• Every year, World Meteorological Day is celebrated globally on 23rd March.
  • Earlier in October, 2021, the World Meteorological Organization (WMO) released the State of Climate Services report 2021.
  • The World Meteorological Organization (WMO) is an intergovernmental organization with a membership of 192 Member States and Territories.
  • India is a member of WMO.
  • It originated from the International Meteorological Organization (IMO), which was established after the 1873 Vienna International Meteorological Congress.
  • Established by the ratification of the WMO Convention on 23rd March 1950, WMO became the specialized agency of the United Nations for meteorology (weather and climate), operational hydrology and related geophysical sciences.’
  • WMO is headquartered in Geneva, Switzerland.

Key Highlights of the World Meteorological Day

  • The day is celebrated to commemorate the establishment of the World Meteorological Organization (WMO), which was created in 1950.
  • Being celebrated since 1961, the day is also observed to make people aware of their role in protecting Earth’s atmosphere.
  • Early warning and early action – it emphasises the critical necessity of hydrometeorological and climate information for disaster risk reduction.
  • A disaster related to a weather, climate or water hazard occurred every day on average over the past 50 years – killing 115 people and causing USD 202 million in losses daily.
  • According to the WMO Atlas of Mortality and Economic Losses from Weather, Climate and Water Extremes (1970 – 2019), there were more than 11, 000 reported disasters attributed to these hazards globally.

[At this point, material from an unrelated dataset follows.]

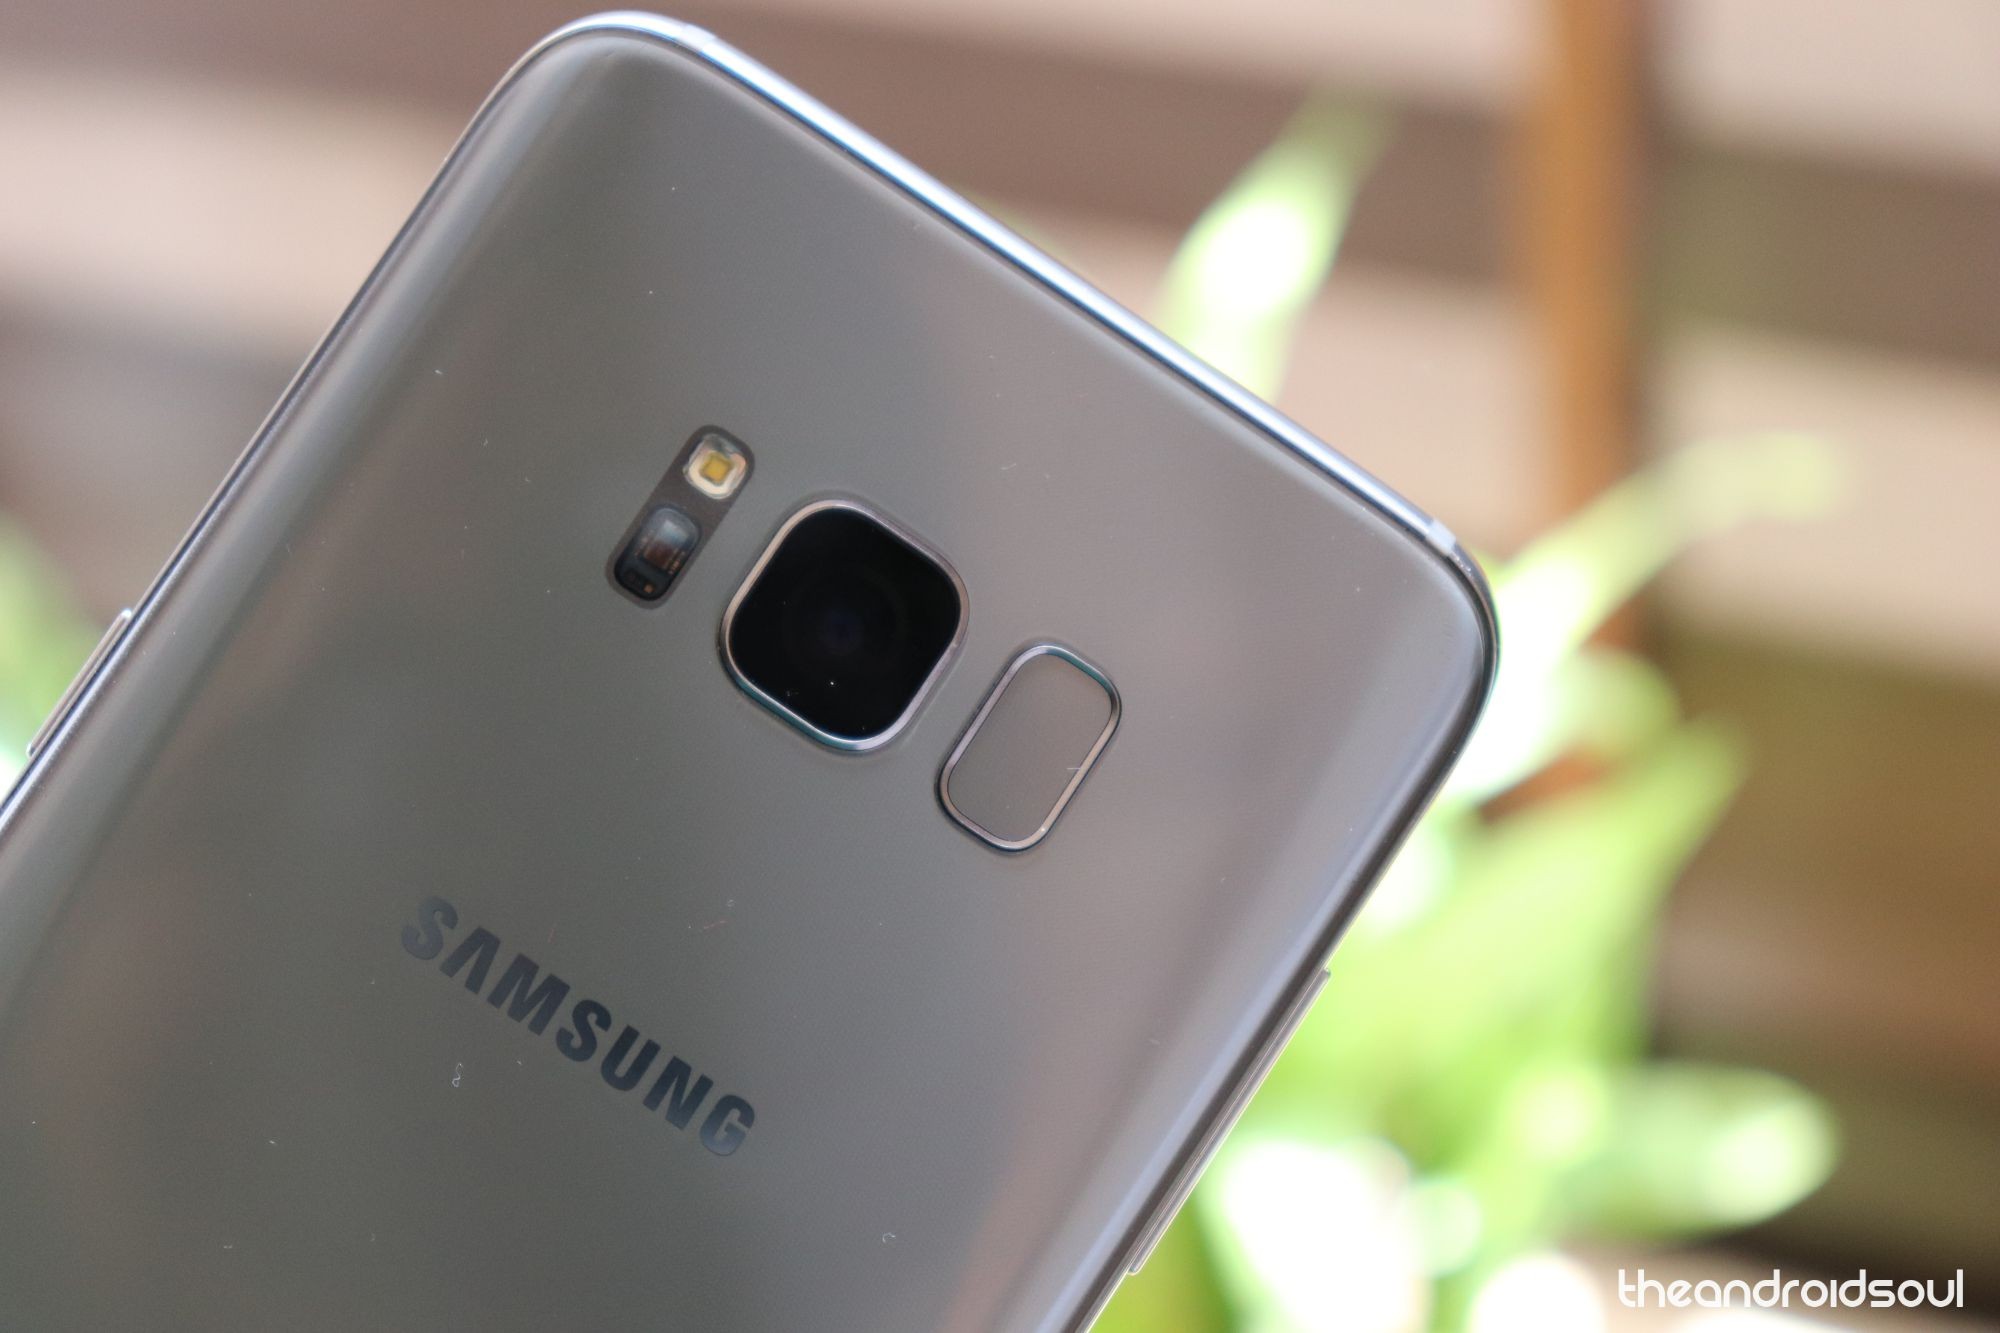 Samsung Galaxy S8 update news

  • The number of disasters has increased by a factor of five over the 50-year period, driven by climate change more extreme weather and improved reporting.
  • The frequency and intensity of extreme weather events is set to rise due to more and more greenhouse gases being added to the atmosphere every year, resulting in warming.

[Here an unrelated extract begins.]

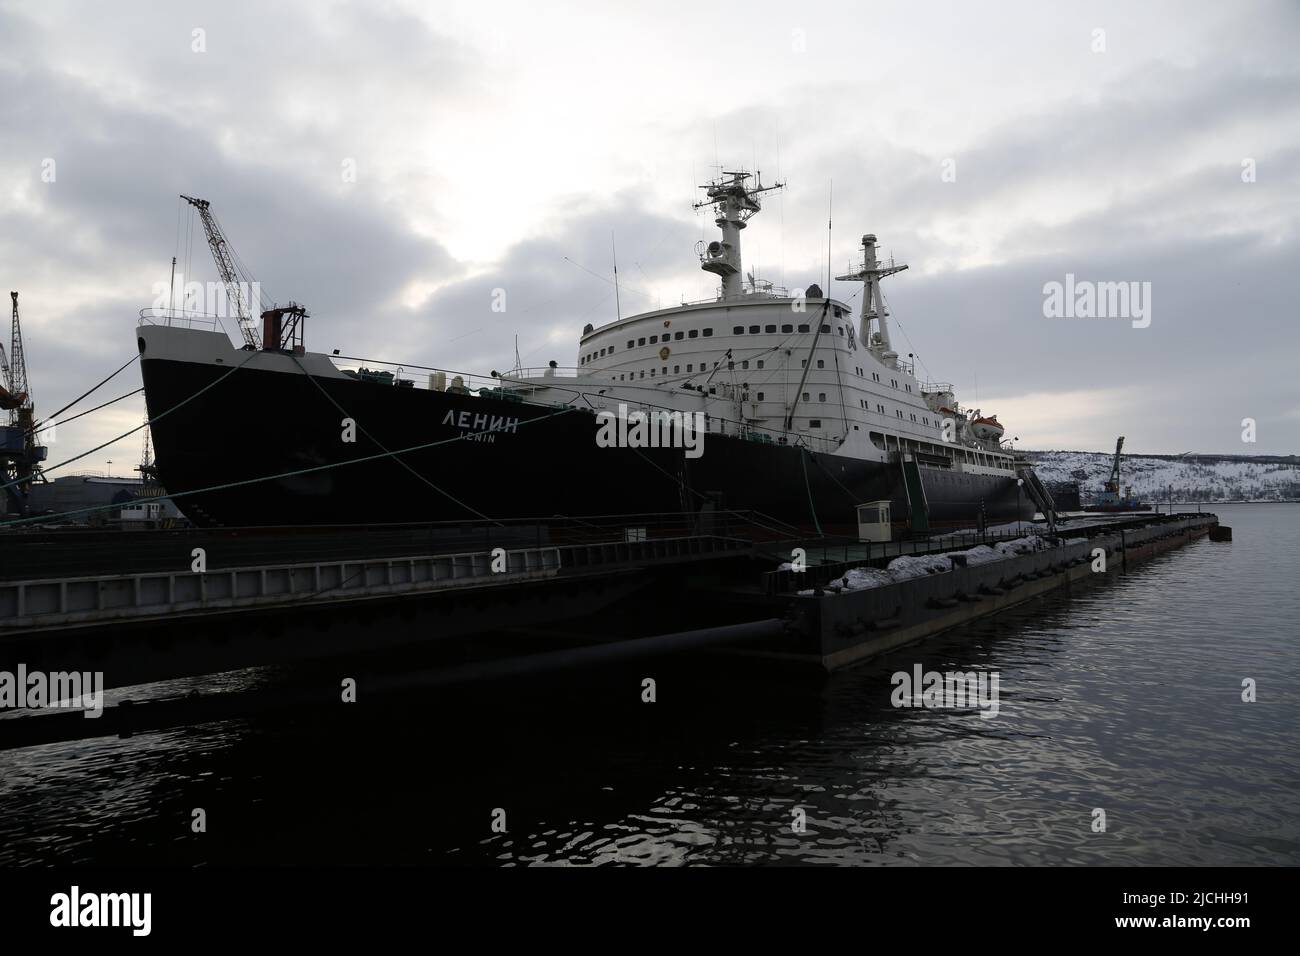 Soviet nuclear-powered icebreaker 'Lenin' ('Ленин') in Murmansk, Russia Stock Photo

  • The number of severe cyclones over the Arabian Sea has risen by 1 per decade and maximum temperature has increased by 0.99 degree C since 1901 in India – small numbers that are big when it comes to weather.

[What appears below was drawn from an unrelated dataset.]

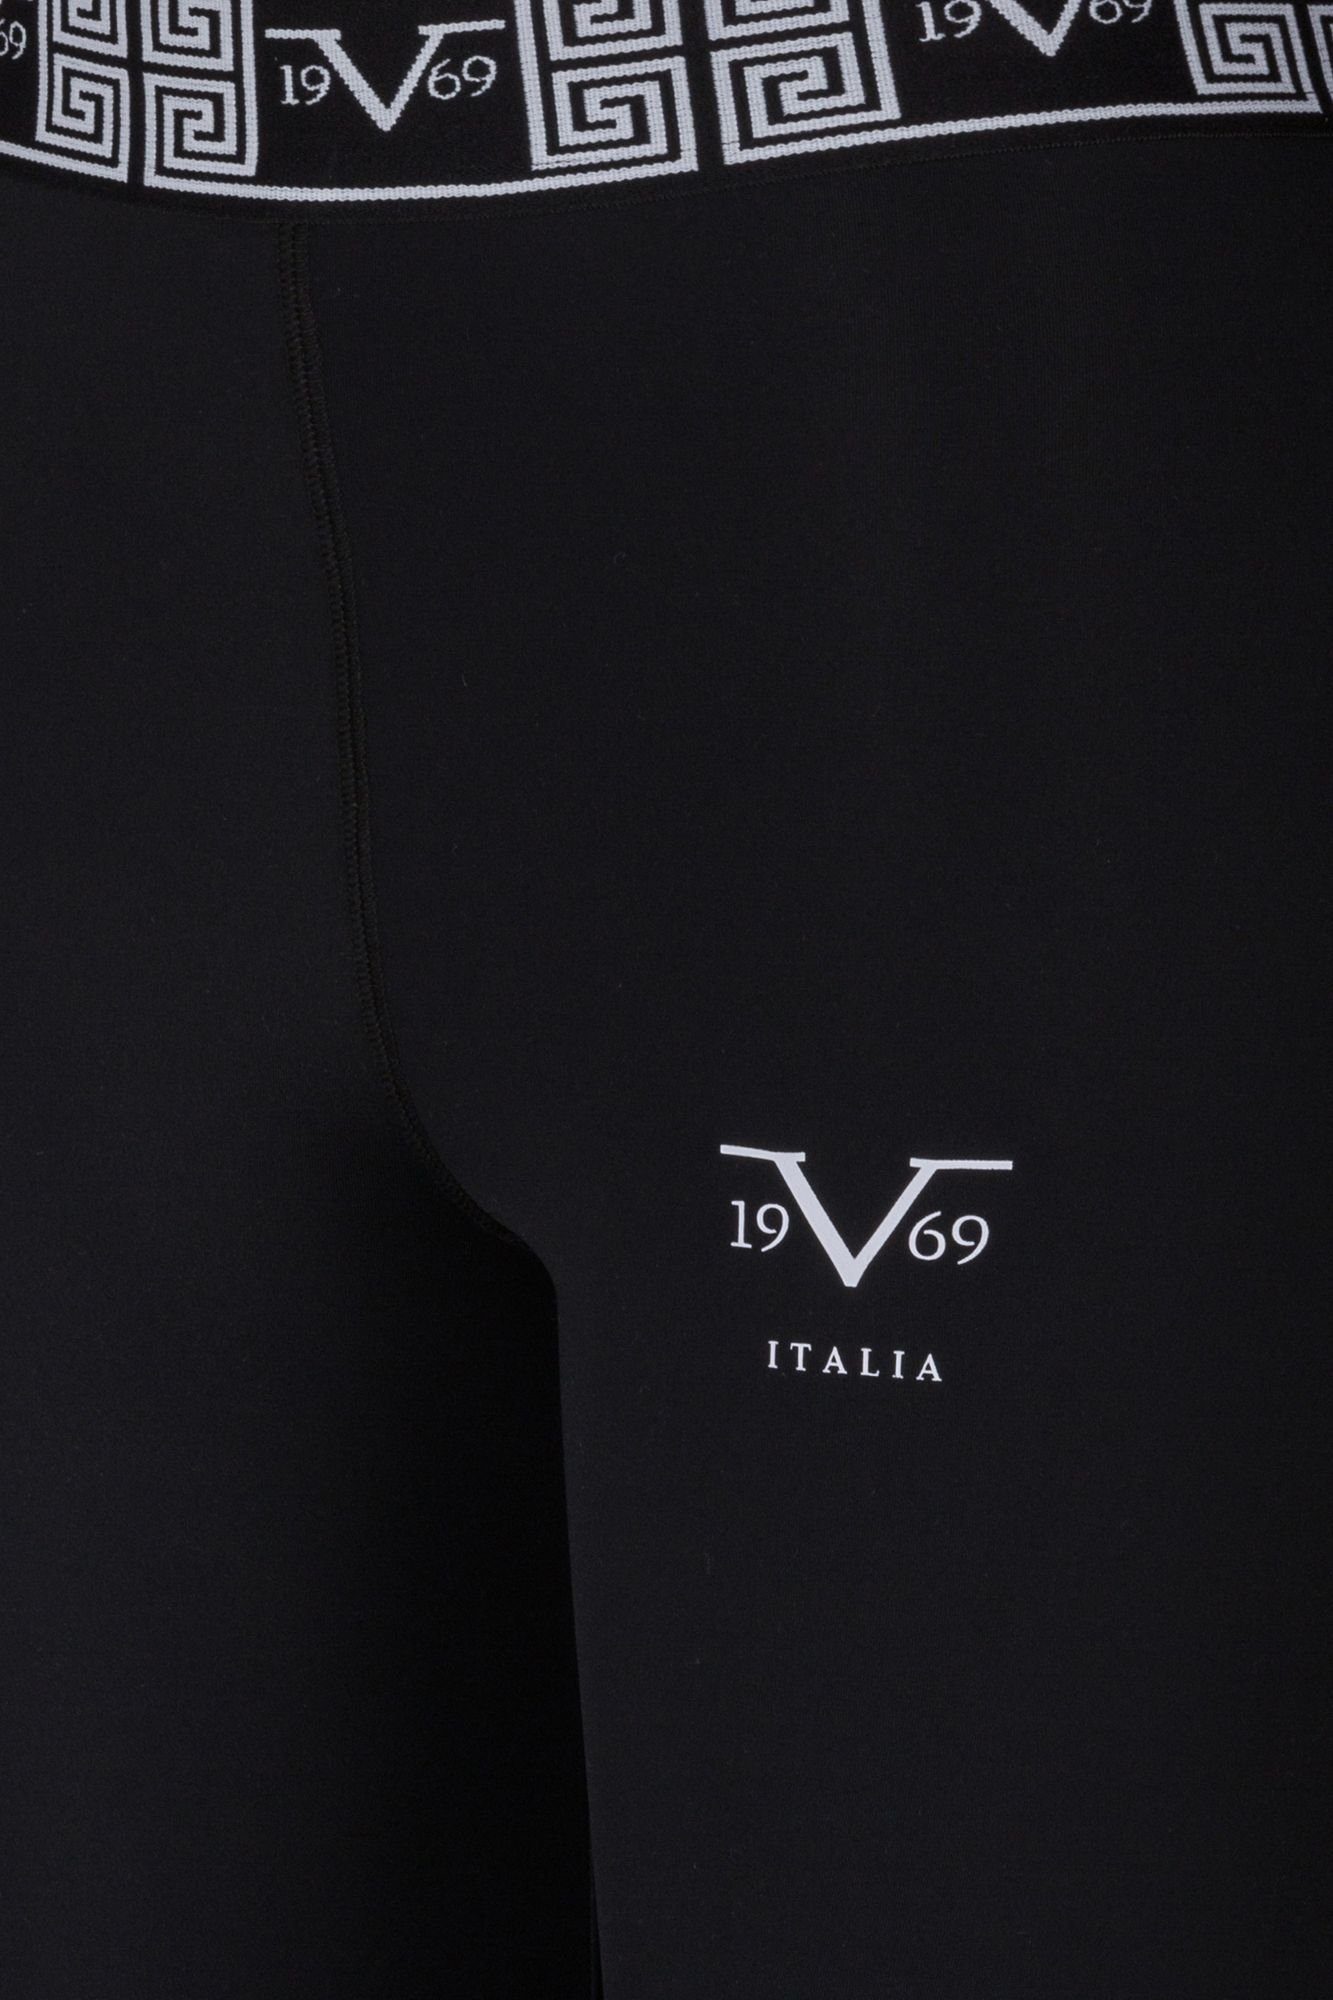 Italia Versace Alexa 19V69 by Yogashorts

  • There is a significant rise in heavy rainfall events also over India.

Way Forward

  • Greater coordination between national meteorological and hydrological services, disaster management authorities and development agencies are fundamental to better prevention, preparedness and response.
  • There is a need to increase investment during the coming five years to improve the quality of the services and related infrastructures, especially in the LDC and SIDS countries.